[a confused chiral girl]

I am confused about p-orbitals. I know that all double bonds have 1 p orbitals, but are all lone paris also in the p orbital or in s orbital?  I am reviewing my notes, and apparently both pyridine and pyrrole are aromatic compounds. Pyridine fits all: cyclic, conjugated at every atom in the ring, planar, and also Huckel's Rule. For pyrrole, isn't the N that is attached to the hydrogen sp3?? For some reason, I have made special notes saying that it is sp2 and not sp3, which doesn't make sense at all.

ps. are those lone pairs that I drew around the pyridine ring correct, or is there suppose to be Hydrogens bonded there even not it is not explicitly written in the structure?
thank you.

[Yggdrasil]

The lone pairs in pyridine are not correct, they should be hydrogens.  Note that hydrogens generally aren't explicitly written in most organic structures.

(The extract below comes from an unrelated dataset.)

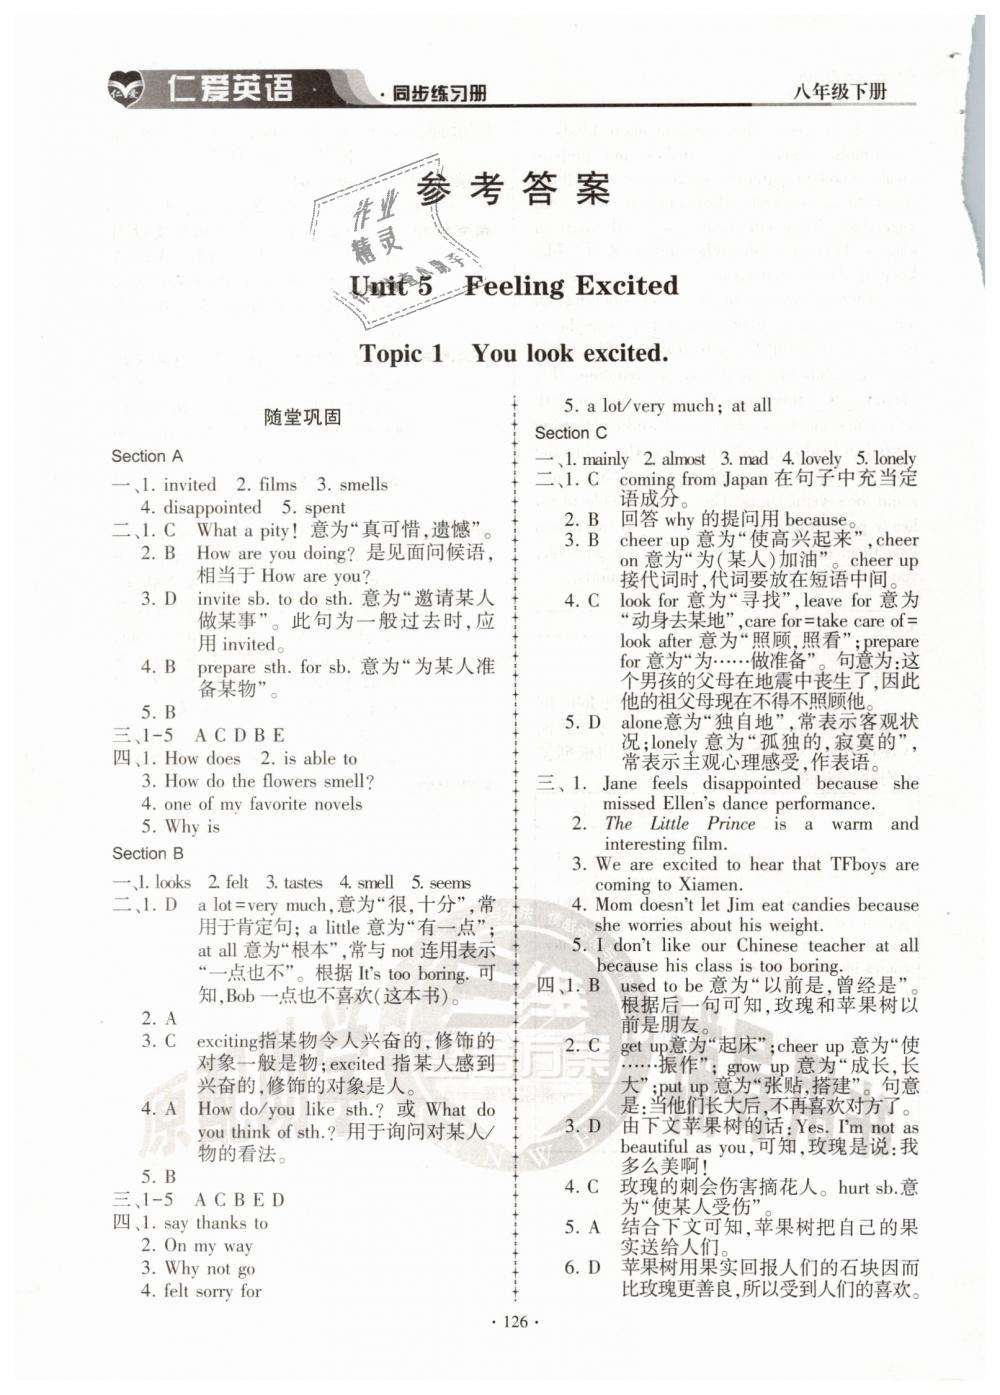 2019年仁爱英语同步练习册八年级英语下册第1页

Anyway, lone pairs usually occupy a hybrid orbital.  For example, in NH₃, the N is sp³ hybridized and the lone pair occupies one of the sp³ orbitals.  So, one would expect the nitrogen in pyrrole to be sp³ hybridized.  However, in pyrrole, the nitrogen actually takes on an sp² hybridization in order to allow its lone pair to become delocalized in the aromatic system.  Since aromaticity stabilizes the molecule by so much, there is a huge driving force to put the lone pair in a p orbital instead of an sp³ orbital.

[a confused chiral girl]

  However, in pyrrole, the nitrogen actually takes on an sp² hybridization in order to allow its lone pair to become delocalized in the aromatic system.  Since aromaticity stabilizes the molecule by so much, there is a huge driving force to put the lone pair in a p orbital instead of an sp³ orbital.

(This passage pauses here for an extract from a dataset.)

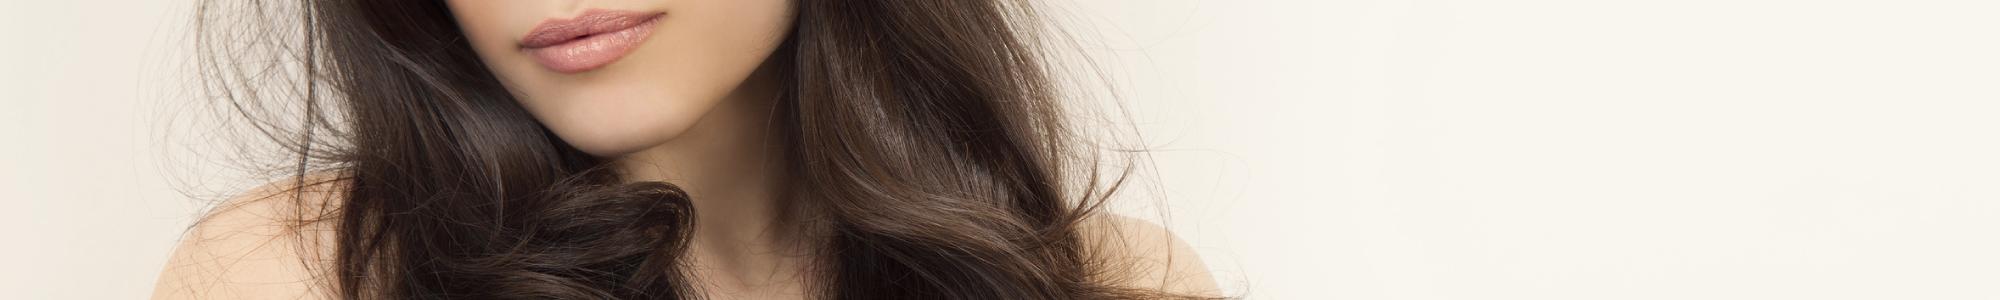 Shampoings et soins naturels biologiques pour cheveux normaux

thanks. but then, how come the lone pair on the N in the pyridine structure is part of the p orbital conjugation to test for aromaticity? How were you able to tell right away that the lone pair in the Pyrrole is not part of the rules for determining whether the structure is aromatic or not?

[Yggdrasil]

In pyridine, the nitrogen is sp² hybridized because it has a double bond.  The one electron in its p-orbital contributes 1 electron to the 4n+2 electrons in the aromatic ring.  In the case of pyridine, the lone pair occupies a sp₂ orbital which lies perpendicular to the conjugated pi system.  Therefore, the lone pair in the nitrogen of pyridine does not contribute to the aromatic system.

In pyrrole, one would expect the nitrogen to be sp³ hybridized because it has three single bonds.  If this were the case, the lone pair would lie in a sp³ orbital.  However, it is favorable for the nitrogen to change its hybridization to sp² and place the lone pair in a p-orbital.  In the p-orbital, the lone pairs can become delocalized and form a conjugated pi system with the other pi-bonds in pyrrole.